Quantitative assessment of computational efficiency of numerical models for surface flow simulation

Numerical models play a major role in predicting flood processes, e.g., pollutant and sediment transports (Saadatpour et al. 2019; Jelti & Boulerhcha 2022). These models are capable of providing accurate solutions, which have received much attention in recent years (Guan et al. 2014; Fernández-Pato et al. 2020; Li et al. 2021). Associated with these numerical models, two main issues normally raised concerns, i.e., numerical accuracy and computational efficiency. Many attempts have been made to improve the numerical accuracy, such as developing a coupling model (Feistl et al. 2014; Salheddine et al. 2020; Gomes et al. 2021), dividing domain with refine grids (Schumann et al. 2013, 2014; Li et al. 2016; David & Schmalz 2021). These methods increase numerical precision, but are not conducive to improving computing efficiency. For example, if a large domain is divided using fine uniform grids, many computational nodes are involved, which substantially costs more computational resources and time. Therefore, this essentially restricts the application of the numerical model in realistic flood simulations that usually involve large domains.
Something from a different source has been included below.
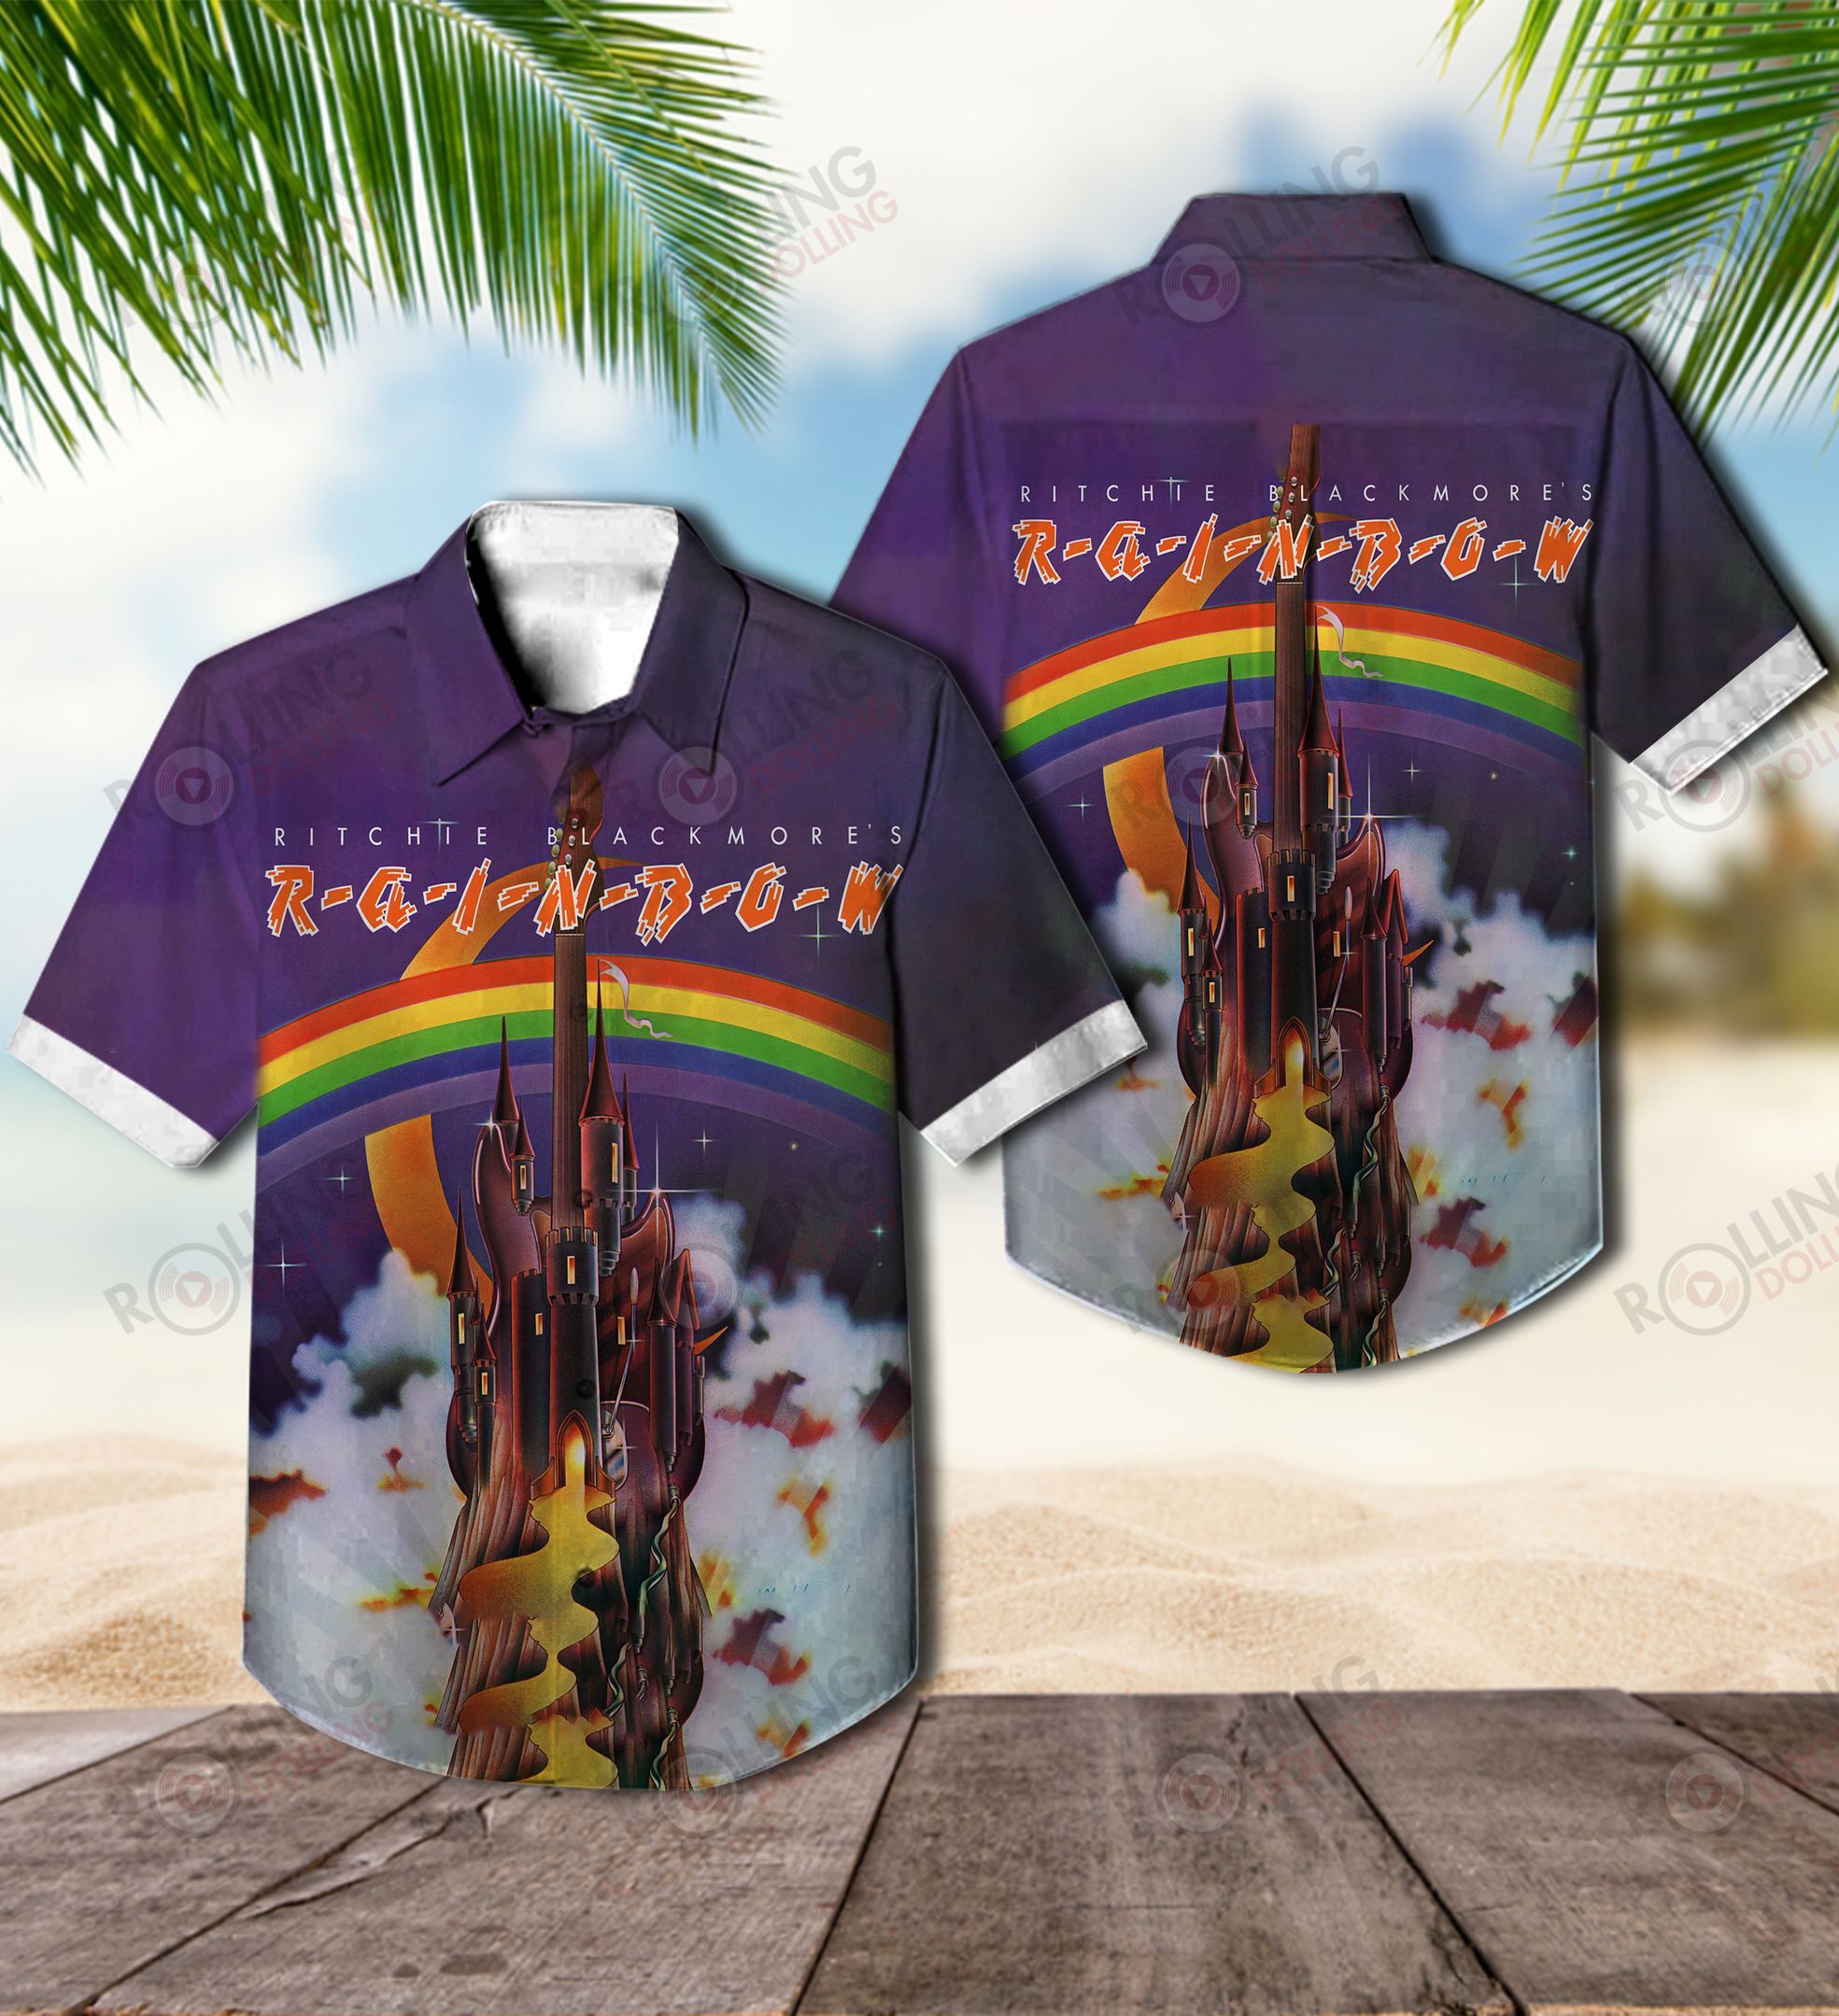 We have compiled a list of some of the best Hawaiian shirt that are available 11

Several methods are proposed to improve the computational efficiency of numerical models. Schumann et al. (2013) and Bates et al. (2010) developed a simplified partial inertial model ignoring the dynamics term in full two-dimensional (2D) shallow water equations (SWEs), and the results showed the simplified model can save more computational time compared with the full 2D SWEs. However, since the dynamic terms are not considered, the model cannot reliably reproduce the physical processes and predict the velocity of rapidly varying flows, such as dam breaks.

To further improve computational efficiency, many researchers have optimized the grid resolution during flood simulations, and adaptive mesh refinement (AMR) is the most common method (Hu et al. 2018; Ghazizadeh et al. 2020). The computational domain was decomposed into coarse grids that were linked with sub-grid sets of various sizes. These dynamically adaptive meshes can adjust grid density in accordance with the domain features or flow conditions, which can be applied for local grid refinement. Liang et al. (2015) used the AMR to divide the computational domain, where high-resolution simulation was carried out in areas in which the surface water flow needs to be detailed. The results indicated that complex grid adaptation seems to cost more computation time and resources, although they improve the computational efficiency in comparison with the overall fined grids. In addition to the intricate grid generation techniques, a lot of storage requirements are also needed, which further restrict its applications, especially in larger watersheds. Besides, the mass and momentum conservation may not be ensured at the same time when using a dynamically adaptive grid to divide the computational domain (Bermudez & Ma 1994). It is well known that mass conservation is a critical element to be satisfied in models for practical applications, while momentum conservation influences the numerical stability of models and thereby is important to preserve its robustness.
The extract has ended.